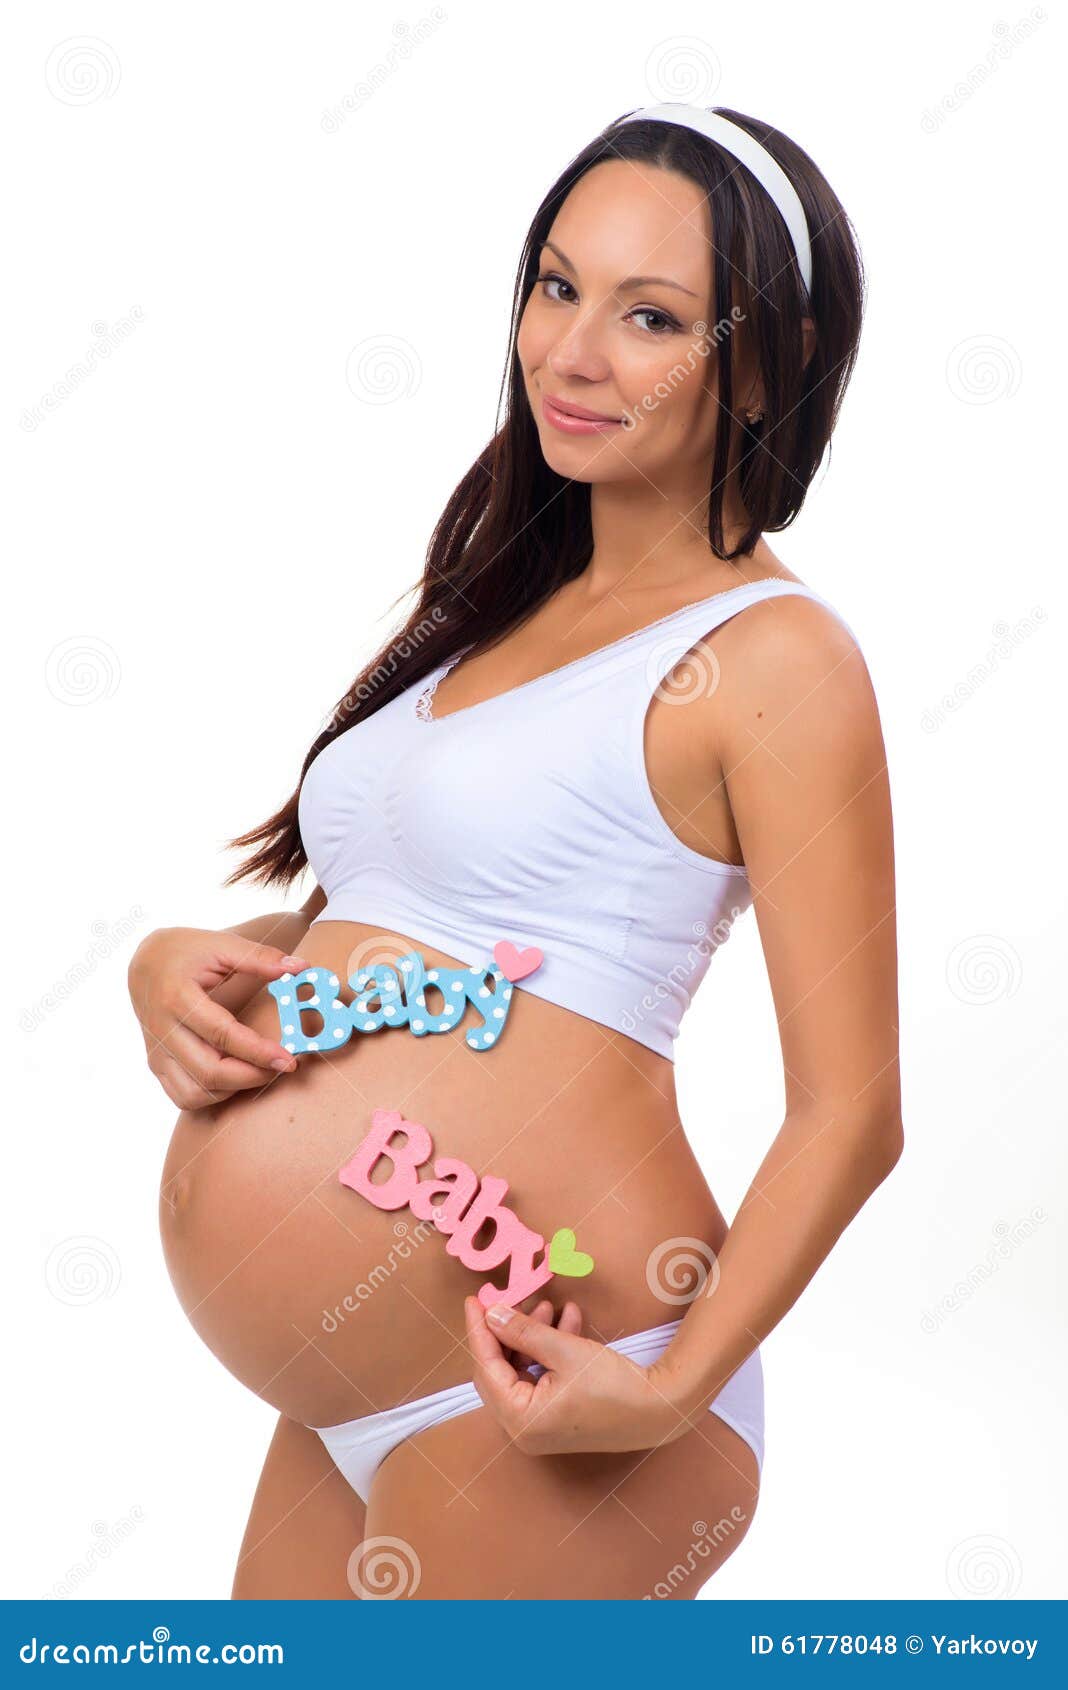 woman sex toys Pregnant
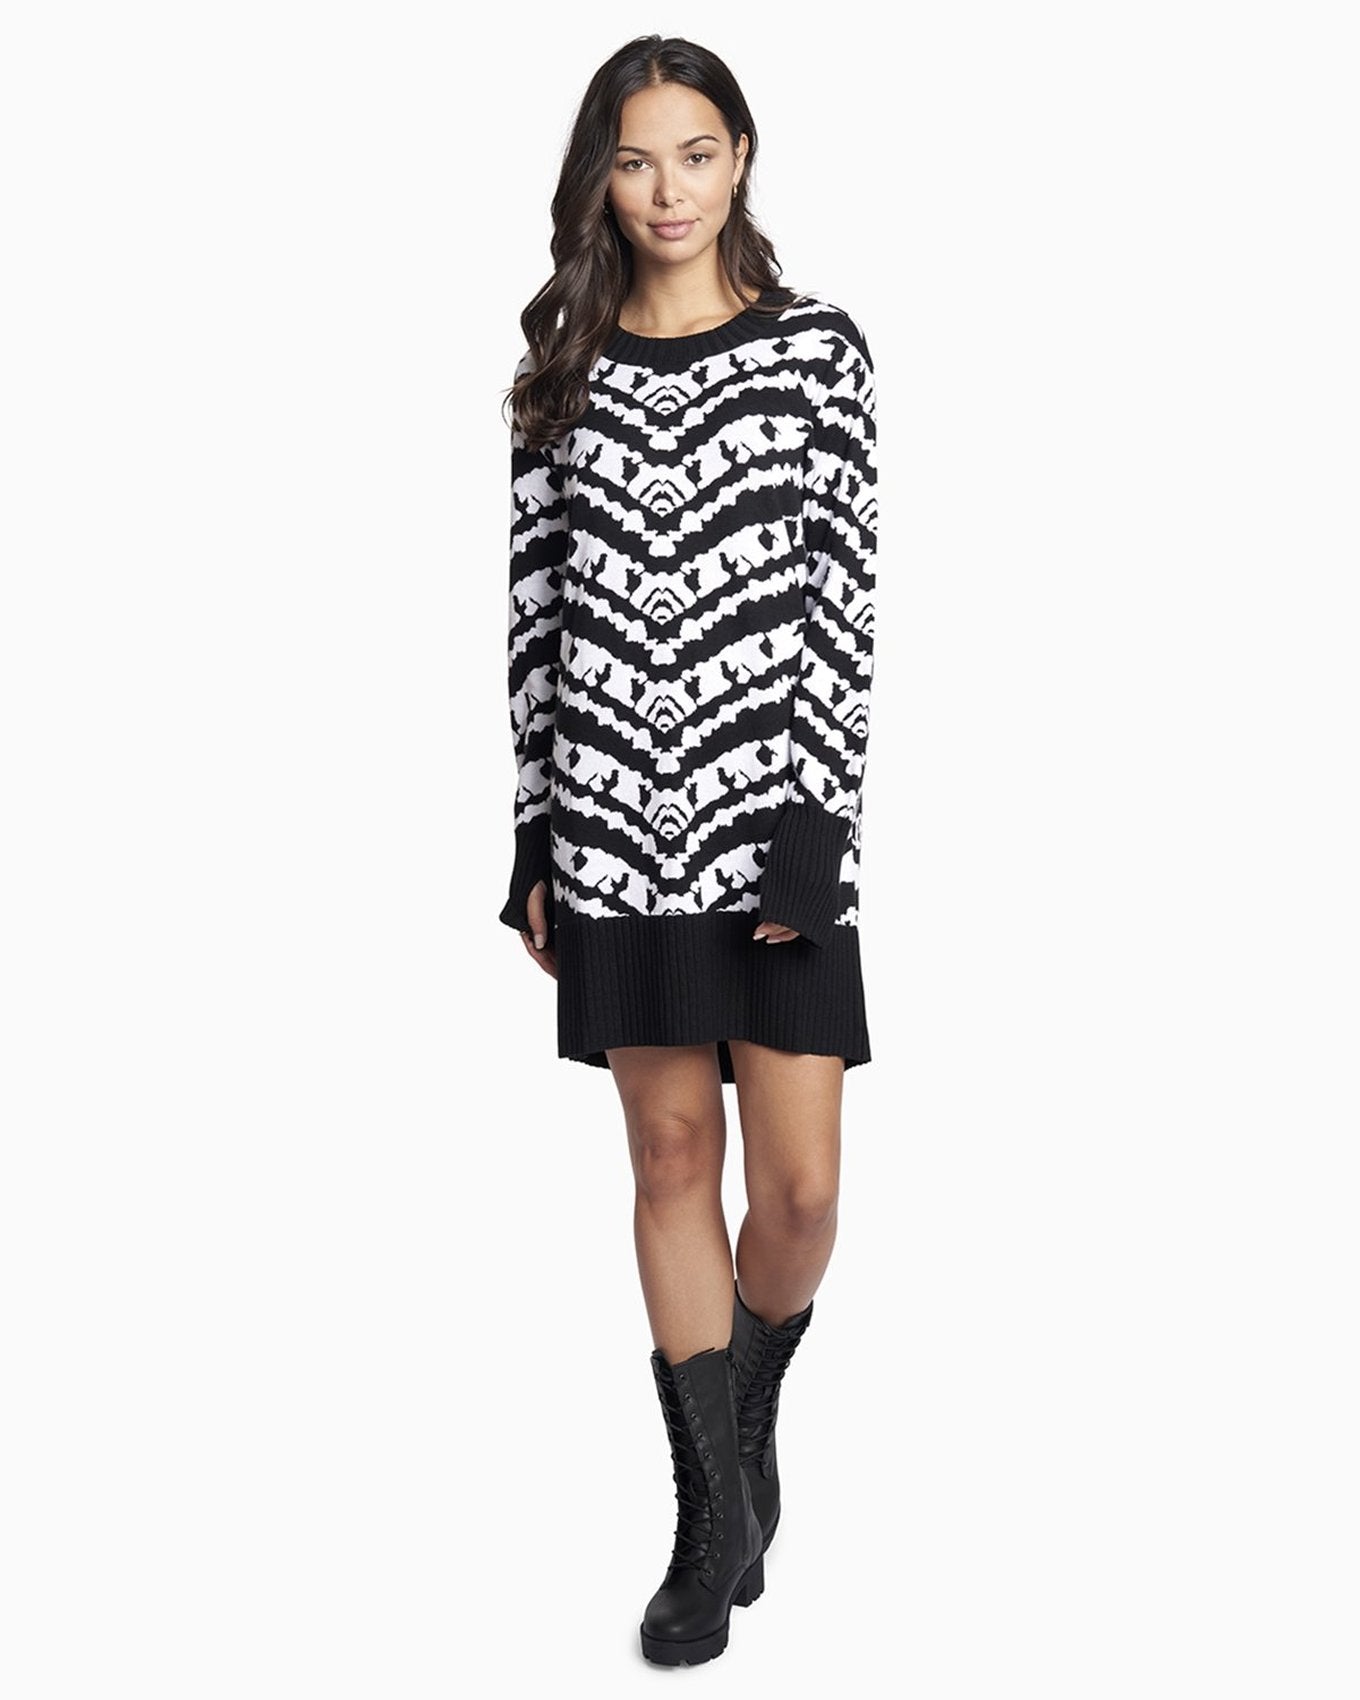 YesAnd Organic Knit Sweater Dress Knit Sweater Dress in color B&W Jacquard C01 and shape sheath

* * *

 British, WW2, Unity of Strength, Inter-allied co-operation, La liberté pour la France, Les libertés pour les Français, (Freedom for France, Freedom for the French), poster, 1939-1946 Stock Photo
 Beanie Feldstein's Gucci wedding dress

Exercise description. The reply should hold exactly the lines above, starting at the line with "woman sex toys Pregnant" and ending at the line with "YesAnd Organic Knit", and no pictures.

Output.
 woman sex toys Pregnant
 YesAnd Organic Knit Sweater Dress Knit Sweater Dress in color B&W Jacquard C01 and shape sheath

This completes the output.